The pilot guided the passengers towards a small building where a large black SUV idled, a man in the driver’s seat. “Do you know why I can’t get cell service here, Dr. Atay?”
“Service in Turkey for phones from outside the country is very erratic. I’m sure service will be available soon. You did not bring much,” he added, taking her small bag.
“I don’t need much for three days, especially since I’m sure we’ll work most of the time.”
Atay looked blankly at her for a moment and then laughed. “I am used to my wife who brings her whole closet for a day at the beach.”
Kate was shocked she was in Istanbul, when not twenty hours before she and Jack had argued about this very city. She took a few deep breaths. “Dr. Atay, may I use your phone to call my husband? I presume your phone is working.”
The man looked at her. “I’m sorry, Dr. Strong, but remember I did not bring my own phone. Sadly, I left my temporary one in Charleston. Shall we be going?”
Kate opened her mouth to demand a phone, and then decided not to. Atay strode out of the terminal and got into the front seat of the SUV.
Kate climbed into the back, behind the driver. “Where exactly are we going?”

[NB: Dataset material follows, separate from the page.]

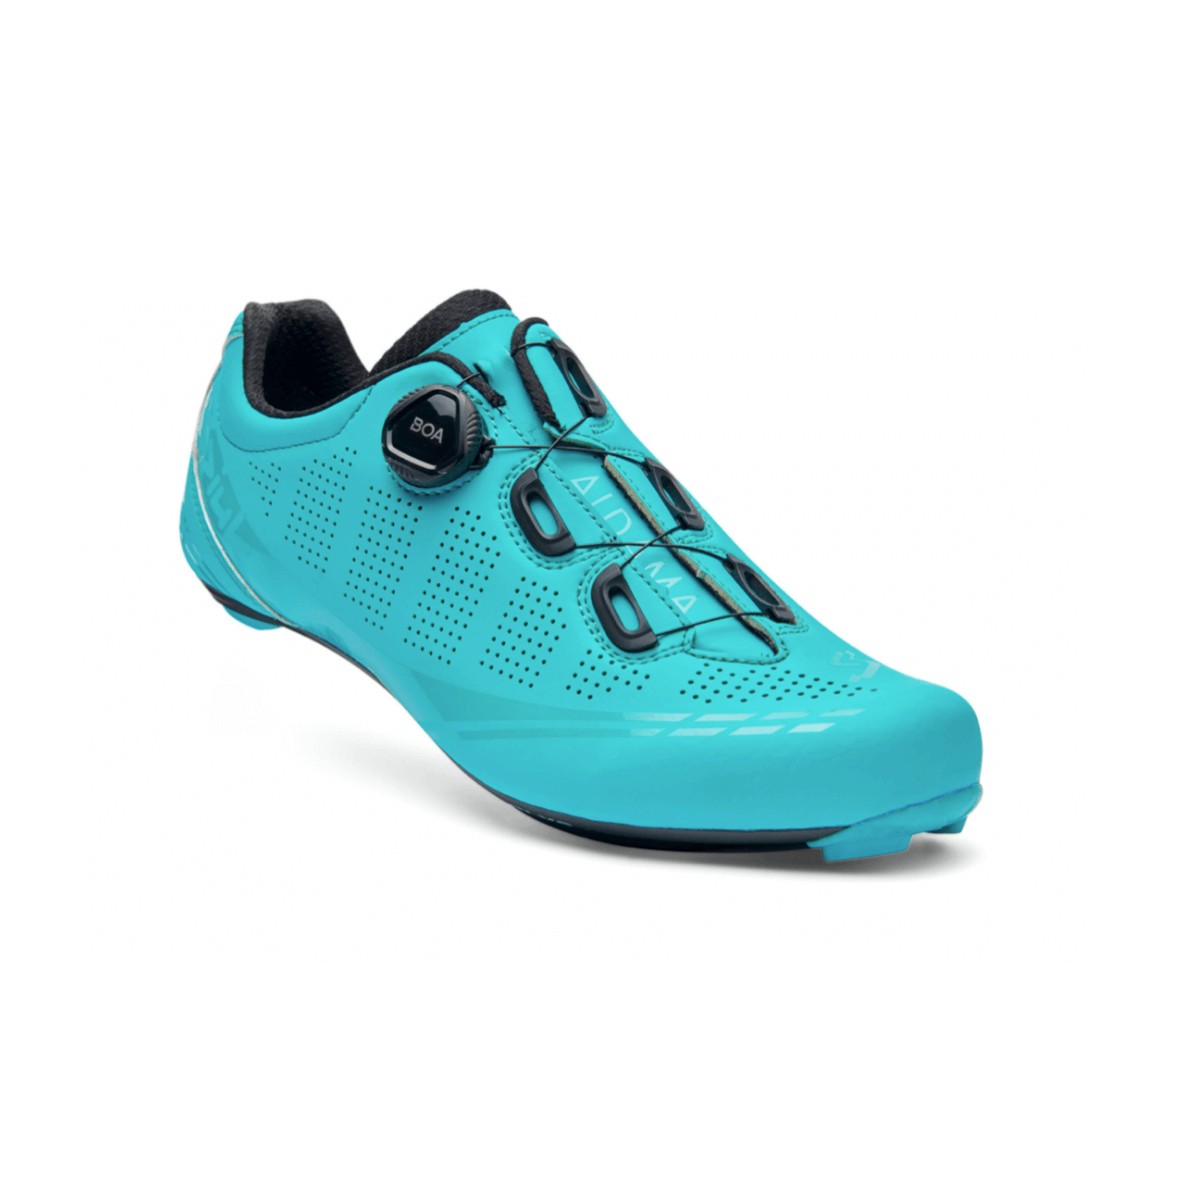 Spiuk Aldama Road Carbon Matte Turquoise Shoes, Size 42 - EUR

Atay turned from the front seat and said, “The government owns many old castles on the coast, most built by Christian Crusaders almost a thousand years ago. The majority of them are nothing but piles of stone, and it would cost a fortune to restore them. We are using one that the government restored for use by agencies that want to get away from Istanbul. We’ve added laboratory facilities that will allow us to examine the parchments in privacy.”
Kate continued, without success, to get her phone to respond, and finally put it away, listening to Atay ramble about the castle. She gazed out the window while the van traveled through the dark and quiet suburbs of Istanbul, driving an hour along a coastal road before the gr
ay massive structure appeared.
“There it is,” said Atay.
She gaped at the castle, imposing even in the predawn glimmer. The edifice was made of dark stone with ramparts that hugged tall, sheer cliffs. The overall impact was triangular, much like a prehistoric arrowhead. The cliffs would have a panoramic view of the sea, the ideal site for a castle. From the three round towers—one in the middle and one on each side—the crusaders would have been able to see any ship long before it was close enough to be a danger.

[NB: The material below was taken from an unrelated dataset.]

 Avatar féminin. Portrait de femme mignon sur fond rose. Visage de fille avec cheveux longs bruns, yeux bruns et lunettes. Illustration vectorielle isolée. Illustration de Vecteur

When the van pulled off the main road, Kate lost sight of the castle. She sensed that the van was ascending and could see the sun beginning to rise over the sea. The van traveled for ten minutes before veering off the paved road to a dirt lane, this one more like a track than a road, quickly arriving at an open gate with a guard shack. The driver drove straight through without stopping. Kate looked back and saw two men close the gate. After passing over a pebbled driveway with massive trees drooping from each side, the vehicle stopped in front of an immense door, where a woman, presumably a servant, stood.

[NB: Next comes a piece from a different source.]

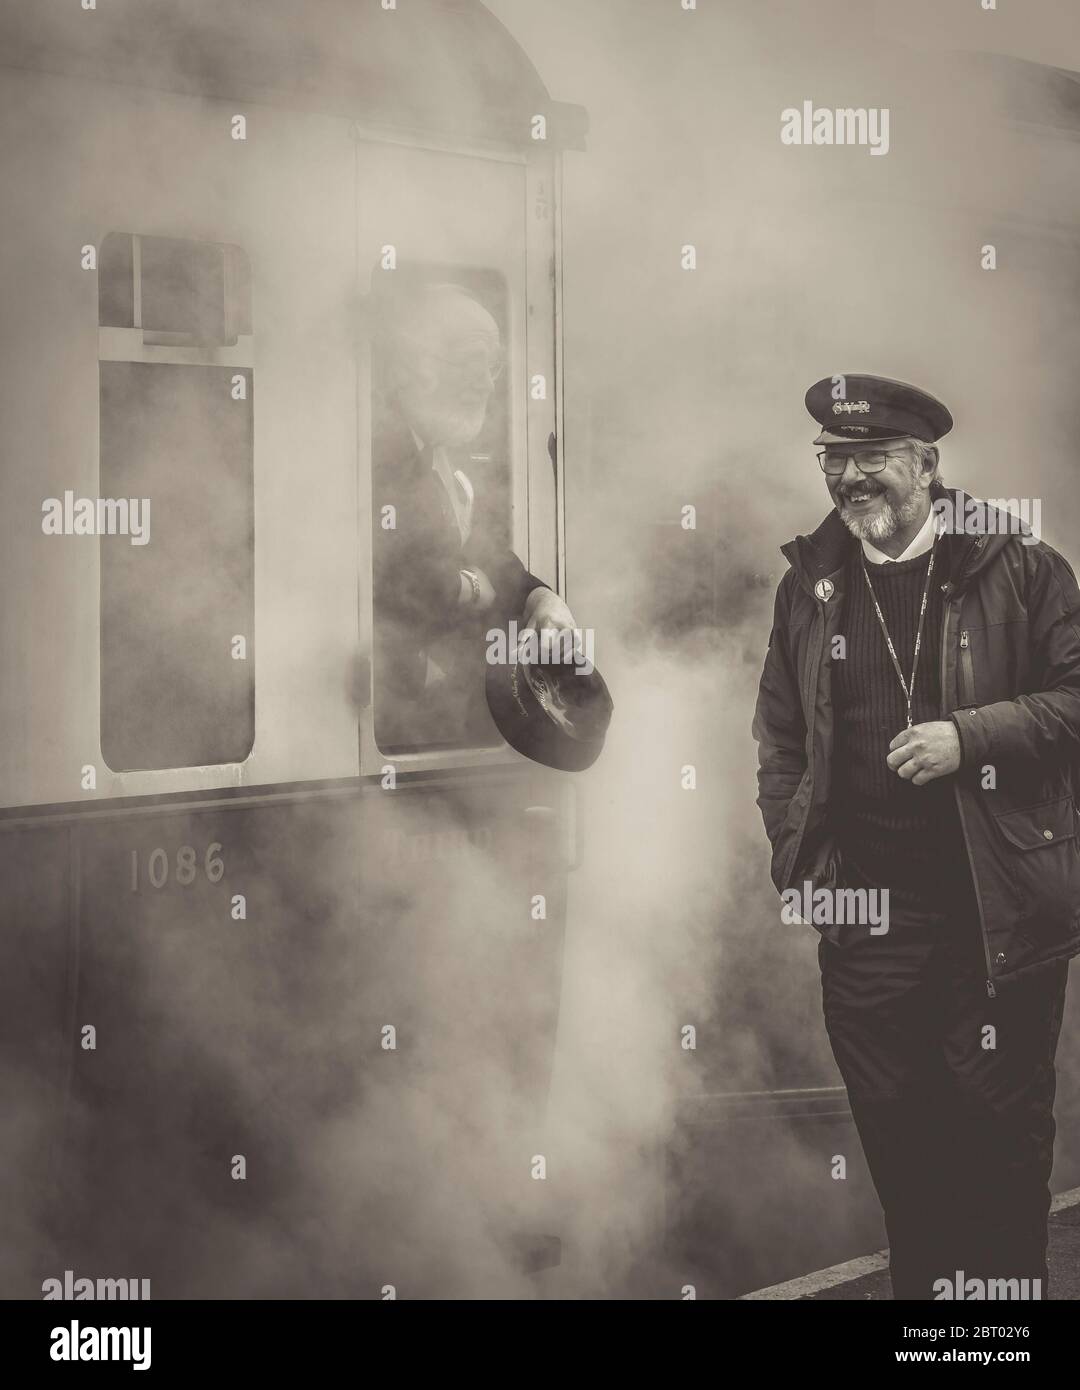 Vista monocromatica di un sorridente lavoratore ferroviario a vapore sulla piattaforma che chiacchiera con l'ispettore dei biglietti attraverso la finestra di lasciare il treno vintage del Regno Unito. Vapore pieno davanti! Foto Stock

Dr. Atay assisted her out of the van and strode into the castle. “Dr. Strong, this way please. You will want to see the terrace at sunrise.” He walked across a foyer, then through a huge dining room to three sets of double doors, one of which was open. The view of the Mediterranean Sea, with a few rays of the sun just beginning to show through the clouds was breathtaking.
When Kate gazed from the floor of the terrace to the walls behind her, she could see that what she had thought was an entire castle was merely the remains of the ramparts and walls. A modern steel infrastructure had been constructed and integrated into the natural stone and granite cliffs, clutched to the breast of the castle like a kangaroo joey. Above them was one of the three towers, a dark obelisk against the sky.
“This way, please.” Atay guided her through a long corridor, up a steep flight of stone steps, stopped, and then gestured for her to enter a room. Though the red velvet drapes were closed, Kate could make out a high bed heaped with colorful pillows. Atay’s eyes darted into the room, then back to her and her suitcase. He turned and pointed to a receiver hanging on the wall. “There is the house phone. You can call the castle operator and have someone bring you anything you may need.”